Анатолий Афанасьев - Привет, Афиноген
Внезапно гроза прекратилась, очистилось небо, всплыли омытые влагой яркие звезды, и только далеко на западе словно погромыхивал на стыках и сигналил прожекторами уходящий поезд.
Тишина и благодать опустились на чистый, уцелевший город. Воздух густо запах ароматом листвы и расщепленным кислородом. Маленькие дети в домах успокоились и перестали плакать. Со стуком распахивались окна и двери балконов.
Чудо природы — летняя гроза — свершилось.
Часть II
Афиноген в больнице
1
Пора, пора вернуться к Афиногену, который лежит на узком операционном столе со вспоротым животом. Операцию делает недовольный, насупленный Иван Петрович Горемыкин. Телефонный звонок раздался в восьмом часу, когда он доставал из холодильника запотевшую бутылку светлого жигулевского пива. Дежурный хирург, недавняя выпускница мединститута им. Сеченова, растерялась и не смогла поставить диагноз.
Рассерженный Горемыкин в сердцах спросил по телефону:
— А что же, Галочка, этот ваш больной не может потерпеть до утра? Куда он так спешит?
Галочка по–старушечьи затарахтела в трубку.
— Я боюсь, Иван Петрович. Он очень корчится.
— Говорите разумно, если можете. Он что, от смеха корчится?
— Кишечник не прощупывается, живот твердый, как камень. Видимо, спазм… Или перитонит.
— У вас, Галочка, в голове спазм, — доверительно сообщил Иван Петрович и бросил трубку.
Дан ткнулся ему носом в ладонь.
— Вот так, пес, — наставительно заметил Иван Петрович. — Примечай как измываются над твоим хозяином. Между прочим зарплата у нас с бесценной Галочкой почти одинаковая.
Он сходил на кухню и налил собаке в миску кислых щей. Дан залакал с шумом, сопеньем и присвис- тыванием, чем пробудил в хозяине встречный аппетит.
— А вот мне и поесть толком некогда, — Горемыкин заворачивал бутерброды в этиленовый пакет.
Не могу же я, как ты, жрать на ходу. Еда — дело серьезное. Да перестань, наконец, чавкать, как свинья!
Дан повилял хвостом и залакал еще поспешнее, кося на хозяина красноватые белки.

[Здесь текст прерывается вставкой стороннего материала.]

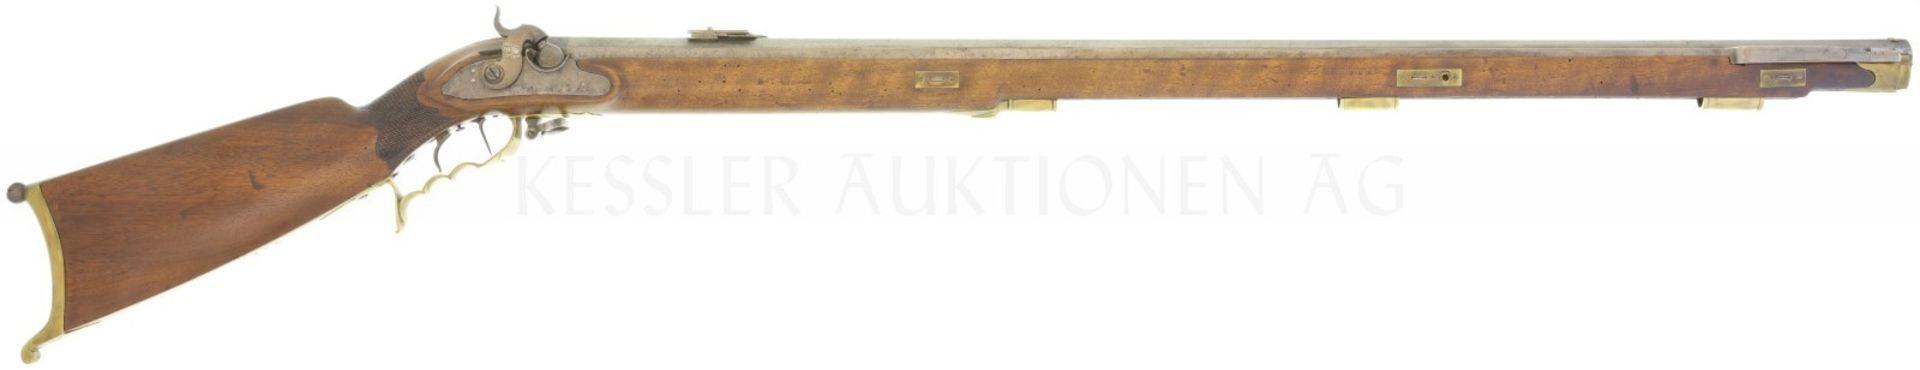 Perkussionsstutzer 1838, Aargau, Kal. 16mm

В больнице его встретила Галина Михайловна и провела в ординаторскую, где на кушетке, скорчившись, мучился Афиноген Данилов.
Горемыкин, не здороваясь, знаком показал ему, что надо лечь на спину.
— Лежать не могу, — улыбаясь, сказал Афиноген, — потому что больно.
С этими словами он послушно вытянулся на спине.
— А почему вы без халата, доктор? — спросил Афиноген. — В стирке, что ли, халат?
Иван Петрович нехотя взглянул в лицо больного. Он привык к страху, растерянности, панике на лицах страдающих и ждущих помощи людей. Самые мужественные из его пациентов в горькие минуты непонятной, внезапно подступившей боли часто теряли себя, роптали и начинали произносить несуразные, умоляющие слова. Человек со стороны — не врач — не всегда мог заметить эту паническую перемену. Многие больные сохраняли внешнее достоинство и приличие. Горемыкин умел безошибочно различать под маской равнодушия и напускной бравады обессиливающее смятение перед надвигающейся бедой. Боль и страх смерти рано или поздно выворачивали человека наизнанку, срывали покровы годами приобретенных манер и привычек, выдавливали из глаз животное выражение: ничего не существует, доктор, кроме моей боли! Это всегда раздражало Горемыкина, хотя он и научился находить необходимые слова утешения. В юности он зачитывался романами Конрада, Джека Лондона, Грина, преклонялся перед сильными и гордыми характерами эллинского склада, а в жизни слишком часто довелось ему наблюдать слабость и унизительную покорность судьбе. Горемыкин не осуждал своих больных, потому что сам остерегался болезней и не мог предугадать, как поведет себя в роковых обстоятельствах. Он лучше других понимал, что болезнь и смерть неизбежны, и в конце концов всеми силами своей неробкой души возненавидел именно эту чудовищную неизбежность ухода. Он сражался с ней в открытом бою ежедневно, умело от*
дыхая в редких перерывах между сражениями. Он закалил свои нервы и приучил искусные пальцы отыскивать болезнь в самых укромных норах. Не рази не два побеждал Горемыкин худосочную и коварную старуху- смерть, и оттого на весь облик его лег отпечаток легкого, благодушного презрения к суете.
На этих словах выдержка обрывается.